- PROVIDED MATERIAL:
____

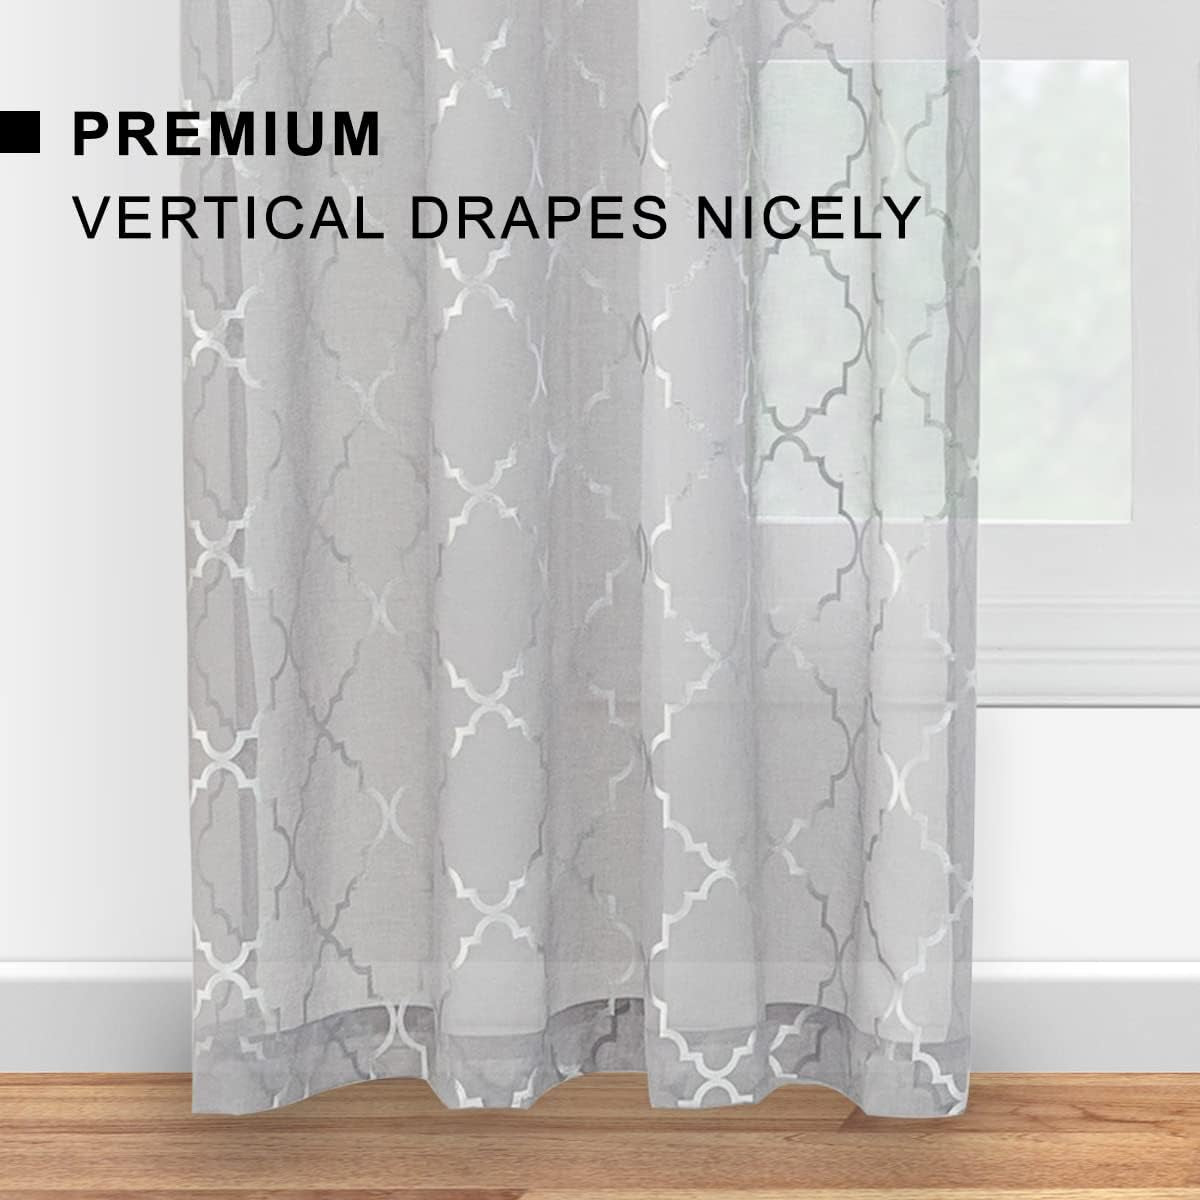 Kotile Silver Grey Sheer Curtains 96 Inch - Metallic Silver Foil Moroccan Tile Printed Rod Pocket Privacy Light Filtering Curtains for Living Room, 52 X 96 Inches, 2 Panels, Grey and Silver  Kotile Textile   
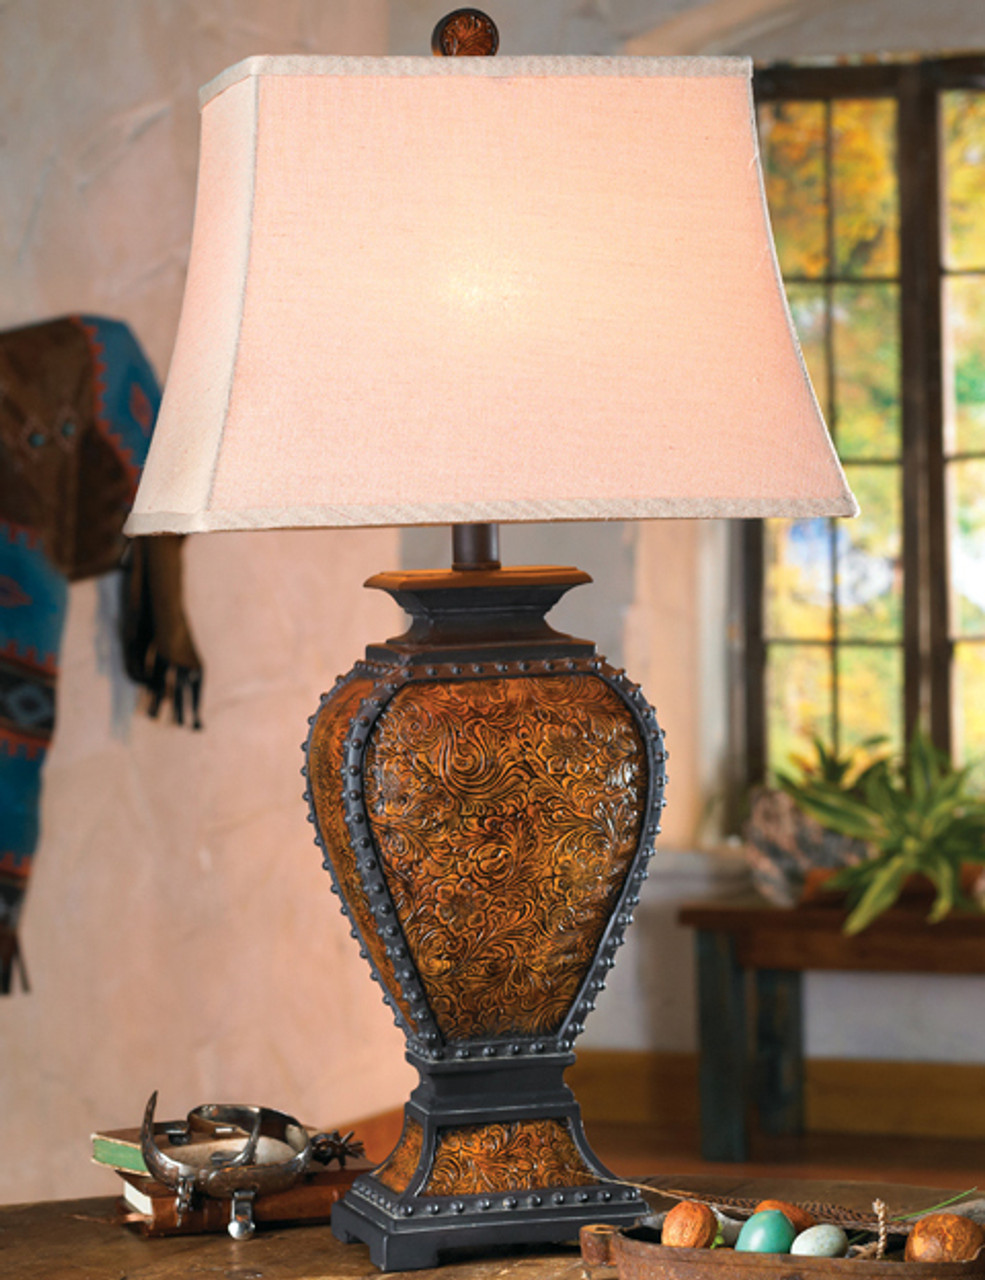 Faux Tooled Leather - Rustic Lighting & Fans
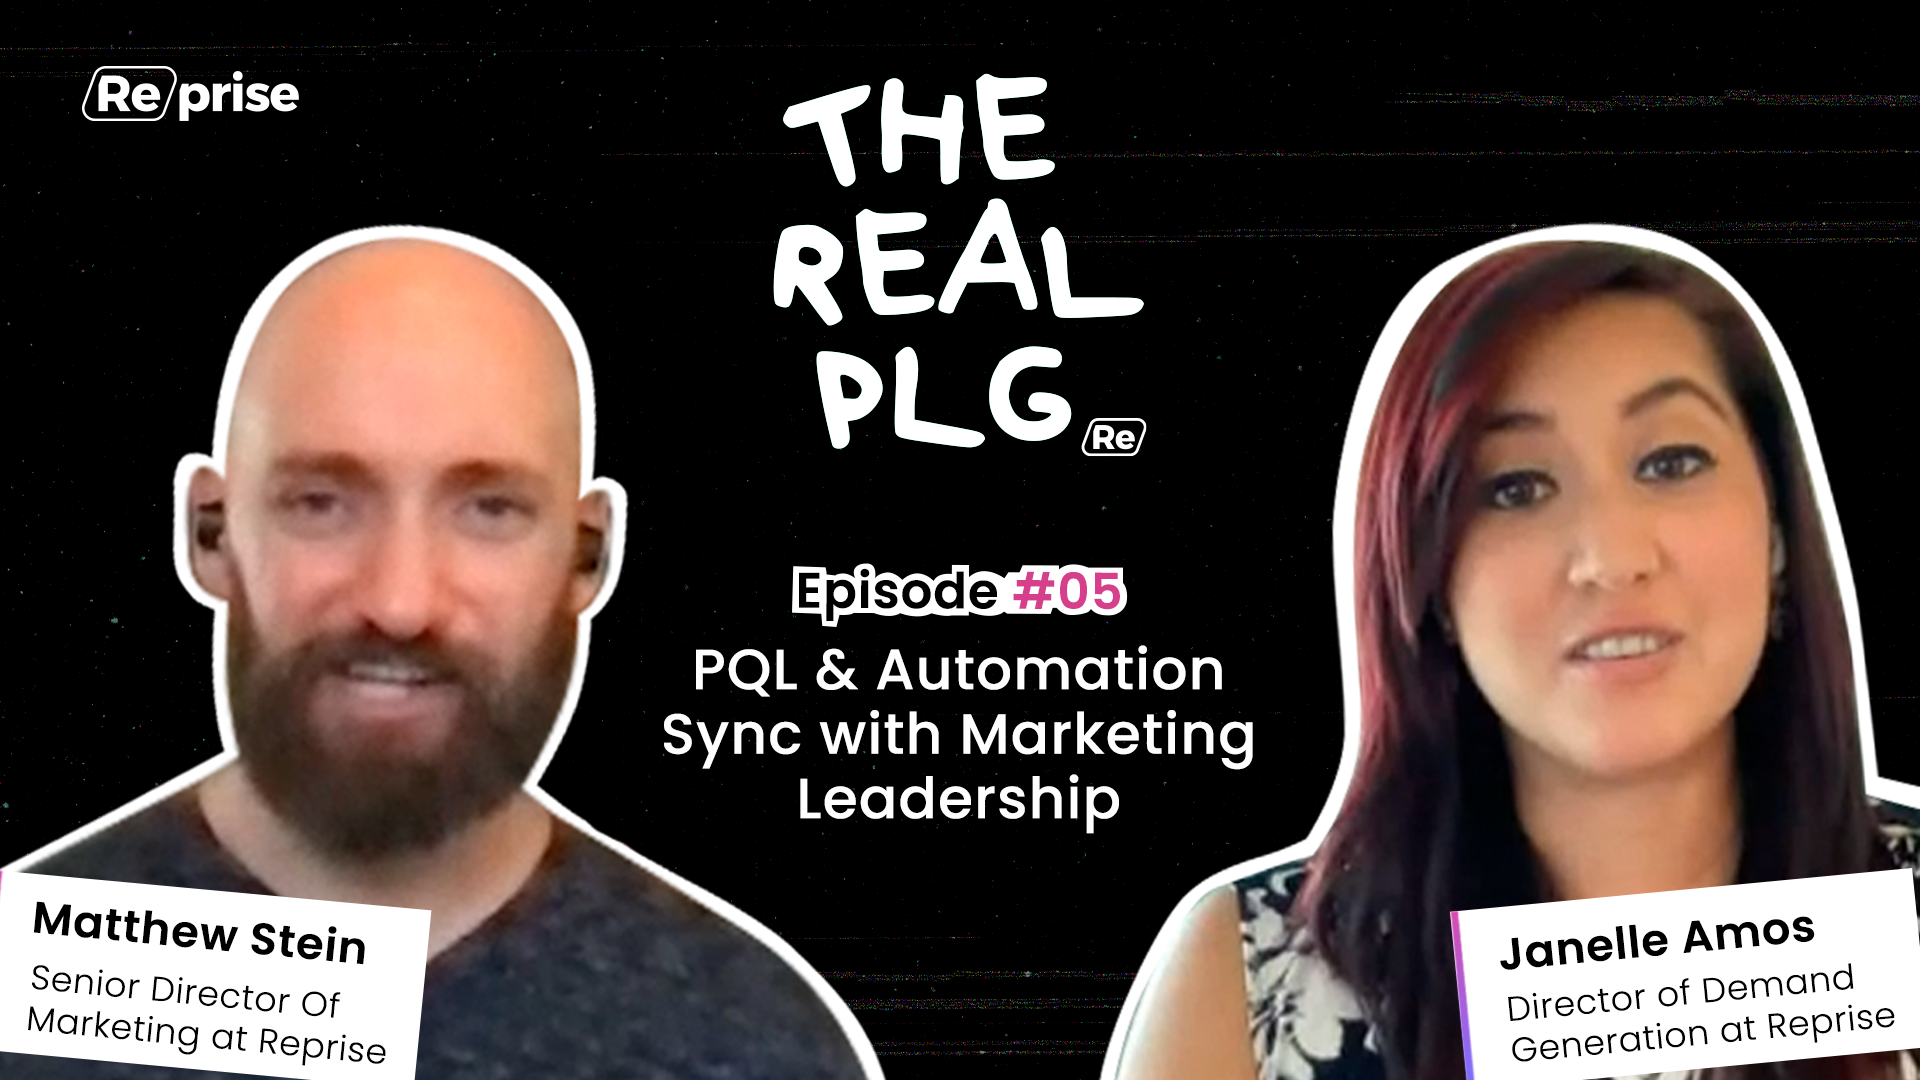 #TheRealPLG – EP 05 | PQL & Automation Sync with Marketing Leadership
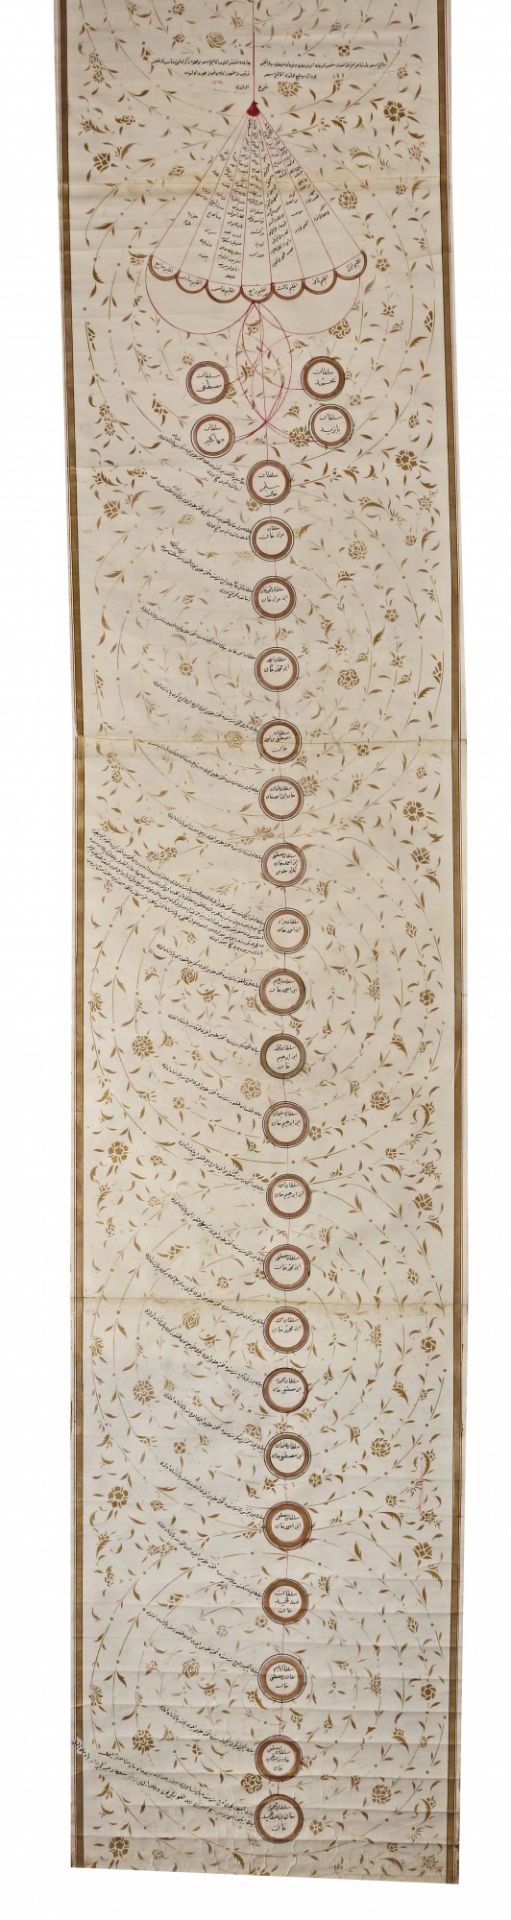 AN ISLAMIC SCROLL ON PAPER, GENEALOGICAL TREE OF THE PROPHET MUHAMMAD, OTTOMAN, 19TH CENTURY - Image 8 of 11

____

- EXERCISE AIM:
Everything from the line containing "Faux Tooled Leather - Rustic Lighting & Fans" through the final line of the material must be set down exactly, except the pictures.

- EXERCISE OUTPUT:
 Faux Tooled Leather - Rustic Lighting & Fans
 #TheRealPLG – EP 05 | PQL & Automation Sync with Marketing Leadership
 AN ISLAMIC SCROLL ON PAPER, GENEALOGICAL TREE OF THE PROPHET MUHAMMAD, OTTOMAN, 19TH CENTURY - Image 8 of 11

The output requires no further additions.